League of Coloured Peoples
- Abbreviation: LCP
- Formation: 1931
- Founder: Harold Moody
- Dissolved: 1951
- Purpose: Racial equality, with a primary focus on Black rights in Britain
- Location: London, England;
- Publication: The Keys

= League of Coloured Peoples =

British civil rights organisation (1931–1951)

The League of Coloured Peoples (LCP) was a British civil-rights organisation that was founded in 1931 in London by Jamaican-born physician and campaigner Harold Moody with the goal of racial equality around the world, a primary focus being on black rights in Britain. In 1933, the organisation began publication of the civil-rights journal The Keys. The LCP was a powerful civil-rights force until its dissolution in 1951.

==The beginning==
Harold Moody, a physician and devout Christian, was frustrated with the prejudice he experienced in Britain, from finding employment to simply obtaining a residence. Through his involvement with the London Christian Endeavour Federation, Moody began to confront employers who were refusing jobs to black Britons. On 13 March 1931, in a YMCA in Tottenham Court Road, London, Moody called a meeting with the contacts he had made over the years. He was helped by Charles H. Wesley, an African-American history professor visiting Britain on a Guggenheim Fellowship, who was a member of the National Association for the Advancement of Colored People (NAACP). On this night, they formed The League of Coloured Peoples.

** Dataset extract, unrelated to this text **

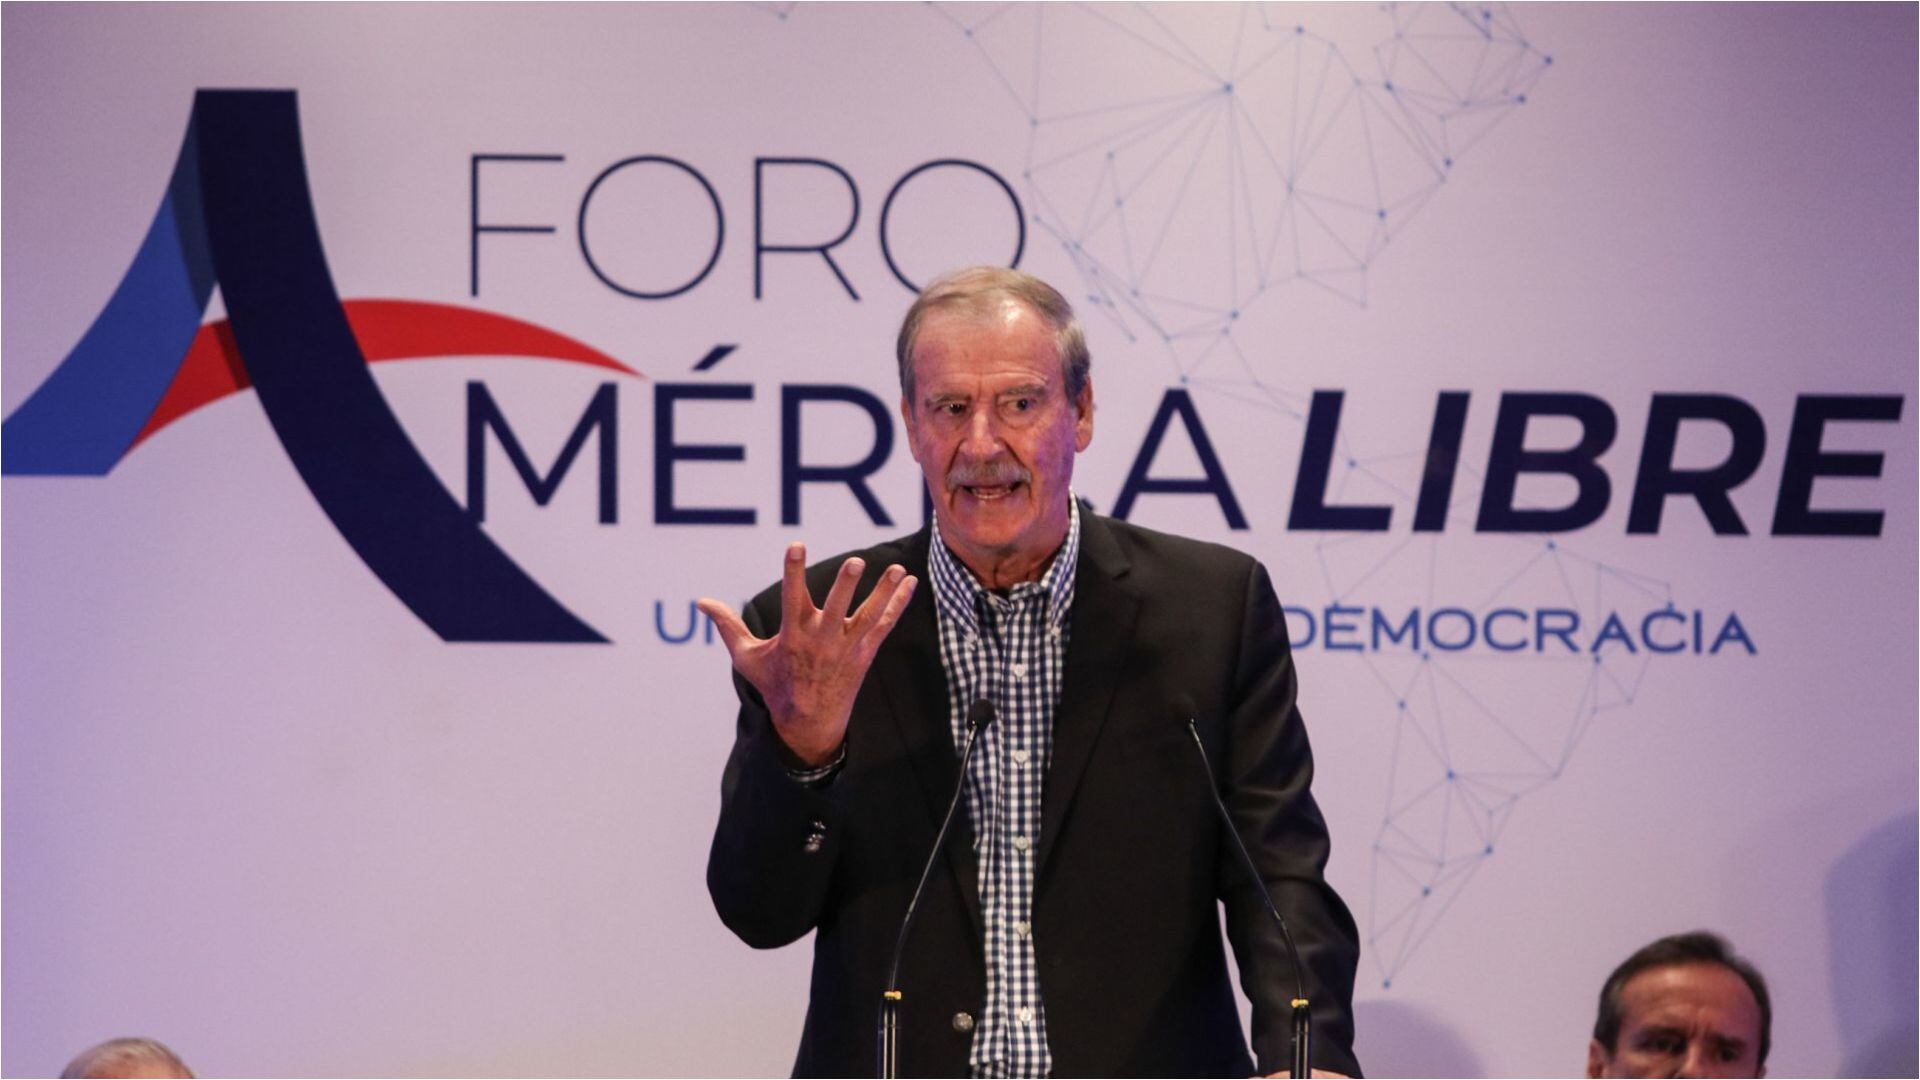 Vicente Fox-América Libre-México-26 de octubre

Its inaugural executive committee included:
- Cecil Belfield Clarke of Barbados
- George Roberts of Trinidad
- Sam Morris of Grenada
- Robert Adams of British Guiana
- Desmond Buckle of the Gold Coast
- Edward Theophilus Nelson of British Guiana
Also present at the inaugural meeting was Stella Thomas, who would go on to become the first woman magistrate in West Africa.

Other prominent members included C. L. R. James, Jomo Kenyatta and Una Marson. Kamal Chunchie was vice-president between 1935 and 1937.

==Aims==
At the inaugural meeting, the League of Coloured Peoples established four main aims, printed in each issue of The Keys:
- To promote and protect the Social, Educational, Economic and Political Interests of its members;
- To interest members in the Welfare of Coloured Peoples in all parts of the World;
- To improve relations between the Races;
- To cooperate and affiliate with organisations sympathetic to coloured people
In 1937, a fifth aim was added:
- To render such financial assistance to coloured people in distress as lies within our capacity.

==Activities==

===The colour bar in the workplace===
From its inception in 1931 until the outbreak of World War II, the League's primary focus was eliminating the colour bar (the restrictions placed on a group of people due to their race or colour) in the British workplace, in social life, and in housing. Throughout Britain in the 1930s, black people were refused service in many restaurants, hotels, and lodging houses. They also found it extremely difficult to find employment in many industries; the medical profession in particular drew the attention of the league, most likely due to founder and president Harold Moody's personal struggles in that area. By 1935, a branch of the league focusing on equality in the shipping industry had grown to over 80 members. During the 1930s, The League of Coloured Peoples struck many blows for blacks in the workplace.

=== The Charter of Coloured People ===
The Charter of Coloured People "demanded full self-government at the earliest opportunity for people living under British colonial rule, and an end to discrimination on racial grounds in all spheres of public life in the UK."

== During the Second World War ==

During the Second World War the LCP continued to highlight discrimination. Authorities organising the evacuation of children from the big towns found it very difficult to find families who would take in coloured children, and the LCP lobbied against this. Moody died in 1947 at the age of 64, somewhat worn out by his efforts with the League. His successor as President was the surgeon Dr Robert Cole but Cole resigned in 1949 and within two years the League dissolved. Sometime before the LCP was dissolved, it was said to have enjoyed close contacts with the London branch of the Caribbean Labour Congress led by Billy Strachan.